On the other hand, the result of the Public enterprises (EEPP) was 0.1% of GDP, improving 0.1% compared to the previous month, something that MEF attributed to the fall in stocks of crude oil and oil derivatives Ancap.
Regarding the result of the Non-monetary Public Sector (SPNM) was located at 3.3% of the GDP and, excluding the income of the FSS, reached 3.4%. Furthermore, the overall result of the BCU stood at 0.5% of GDP, with a decrease of 0.1% on a monthly basis. Finally, the result of Global Public Sector (SPG) was 3.8% of the GDP, reaching 4% if the effect of the FSS.
Fitch closely follows the fiscal issue in Uruguay
The credit rating agency Fitch Ratings warned weeks ago that it closely follows the fiscal framework of Uruguay and considered that the country faces “a new pre-electoral test” due to the elections of 2024.

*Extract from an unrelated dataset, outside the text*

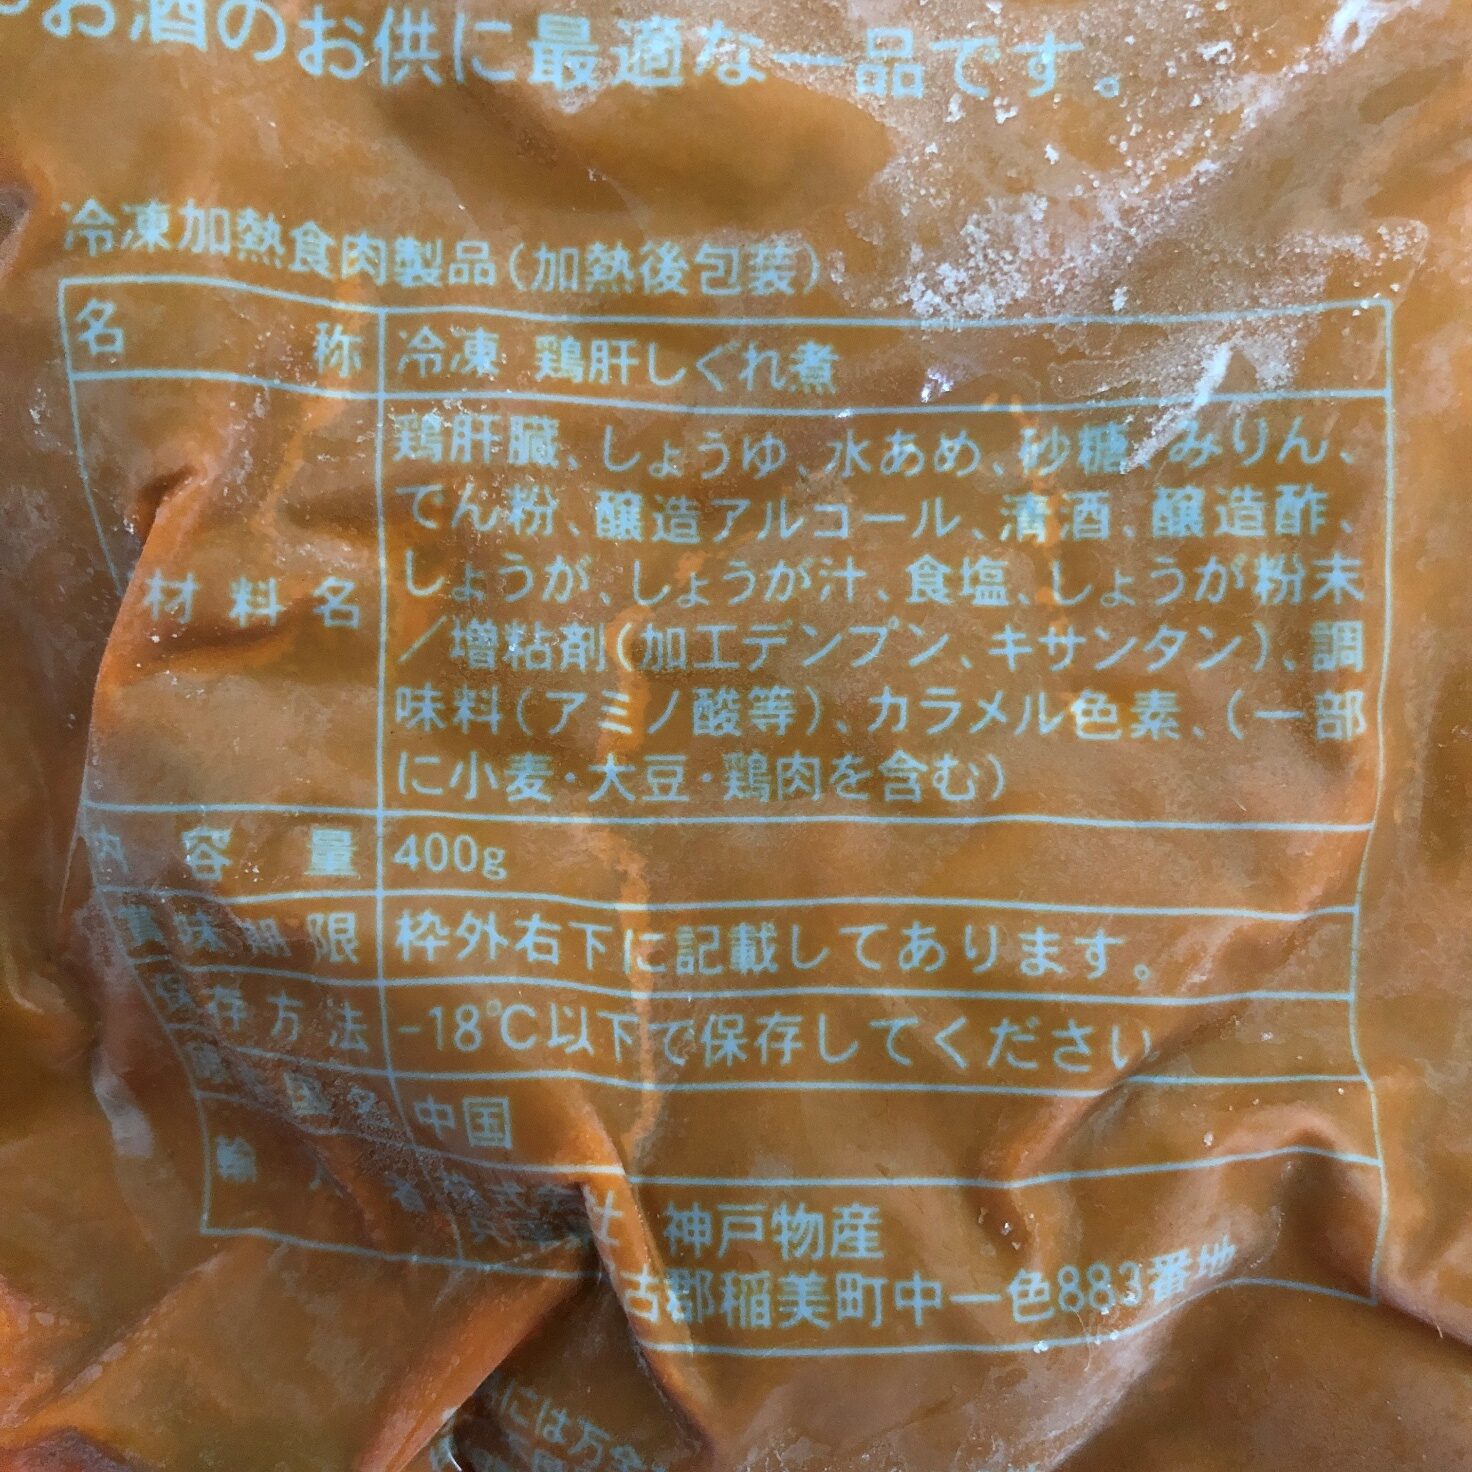 業務スーパーの鶏肝しぐれ煮の原材料名と原産国名の表記

The firm, which on June 7 improved the Uruguayan sovereign rating of BBB to BBB with stable outlook, admitted that “fiscal projections could be revised further in light of the continued deterioration in 2023.” In that sense, they assured that “these pressures on the income and expense side are turning out to be greater than we expected.”
In any case, since Fitch believe that “the ability of the authorities to reverse the current fiscal deterioration and avoid the pre-electoral fiscal slide that has characterized Uruguay in the past will be a new test for the updated fiscal framework.”